It’s long past time for the Burbank City Council to stop rolling

over on command. Individually and collectively, council members have

allowed themselves to be treated as the equivalent of a dancing bear,

grumbling and potentially dangerous, yet still seemingly terrified of

being scolded.

Yet another opportunity is presenting itself for the council to

decide between giving in to the irrational, screeching demands of a

reckless handful of self-appointed czars, or standing up to

demonstrate leadership and a willingness to stake out a principle and

stand by it. Perhaps this time, officials will make the right choice.

Within in the next several weeks, delegates representing Burbank,

Glendale and Pasadena, along with representatives of the Airport

Authority operated by those three cities, will go to Washington,

D.C., to meet with the new administration of the Federal Aviation

Administration. Some hope to weigh FAA interest in a new terminal for

Burbank, one conditioned on local demands. Others say they hope the

FAA tells them what to do. Still others appear to have similar but

vague goals, or no goal beyond the appearance of unity

The only person I know of more cynical than I am about the trip is

Airport Authority president Chris Holden, who also is a Pasadena

councilman. But our dark opinions come from vastly different places.

Indeed, mine is partly premised on Holden’s contempt and his

contemptible attitude. He stopped contributing to any side of

substantive airport issues long ago. Having thrown up his arms, he

seems to keep his seat only because no one else in his city wants it,

and maybe because he likes having woes to gripe about.

He might also enjoy feigning wide-eyed surprise and puzzlement

when his nuclear bombs -- in the form of chatty notes to the FAA --

whip Burbank into a frenzy. Surely no one able to dress themselves

can be as clueless and befuddled as Holden’s act implies he is.

My other doubts are based upon the conflicting, diverse and

occasionally nonexistent plans of those advocating the summit. Still,

the trip is on. Many dispute my views on its potential, and I’ll move

on from there, if only because I have to.

An effort is underway to convince Burbank’s council to let a local

political action committee pick citizens to accompany and oversee the

city’s delegation. Their travel would be paid for by taxpayers, and

they’d ostensibly provide folks back home a reliable and credible

rendition of what is said.

There is no sign the proposal will be formally discussed by the

council, and so demands from the group known as ROAR (Restore Our

Airport Rights) might be effectively ignored, save for some

back-and-forth during public-comment periods at meetings. That’s

unfortunate, but not because I think the demagogues at ROAR should be

catered to. Rather, the council should put the matter on an agenda,

then in full and strident voices, give a lecture to the presumptuous

and self-impressed little band that has deemed itself the

representative of the people.

Council members could start by sharing the common-sense rationale

they argue in private, things like the patent lack of fairness of

choosing one group. Wouldn’t the city then be obliged to pay for a

studio exec to join in, and a non-voter, and a journalist, and a

Republican, and a veteran, and a representative for virtually every

other segment of the community with a stake in airport developments?

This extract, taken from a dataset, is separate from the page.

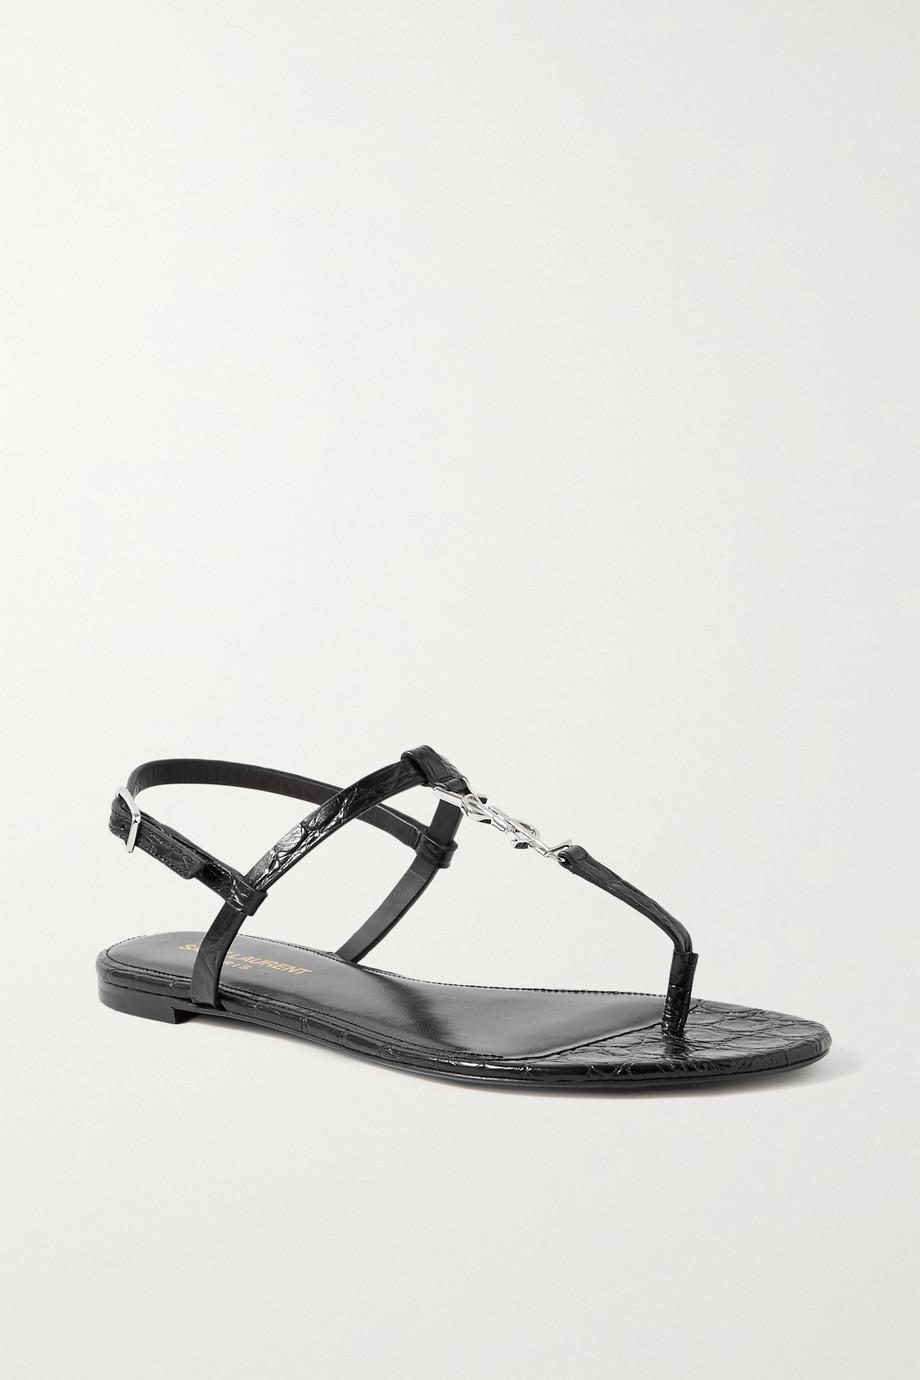 SAINT LAURENT Cassandra logo-embellished croc-effect leather sandals

And, by the way, what do we need a council for if those who are

elected can’t be trusted to represent us? Let’s throw the bums out,

not pay for baby-sitters!

That speech could build to a crescendo, with officials enumerating

to the extent possible the mistakes, misstatements, deceptions and

acts of utter stupidity the founders of ROAR have perpetrated on this

city just in the past year or so.

Out of concern for appearances, to “go the extra mile,” and to

“bend over backward,” this and recent councils have yielded time and

again to the absurd demands of ROAR. It’s time for the City Council

to take back City Hall.

This is not a call for elected officials to disregard “the

people,” or advocacy of anything less than council accountability to

residents. When an official screws up, ignores good advice, or is

caught telling a lie, give me a torch and pitchfork, and let me near

the front as we storm City Hall. If they break their word, we vote

someone else in or, if the sin is urgent enough, we throw them out.

ROARers like to point at the record number of voters who approved

their Measure A, a deeply flawed ballot initiative forbidding city

approval for any airport construction without a super-majority vote

of approval from citizens. The major conditions for even being

permitted to ask for that approval were an enforceable curfew on

night flights and limits on future airport growth. The initiative

became a referendum on those conditions, one that was unnecessary.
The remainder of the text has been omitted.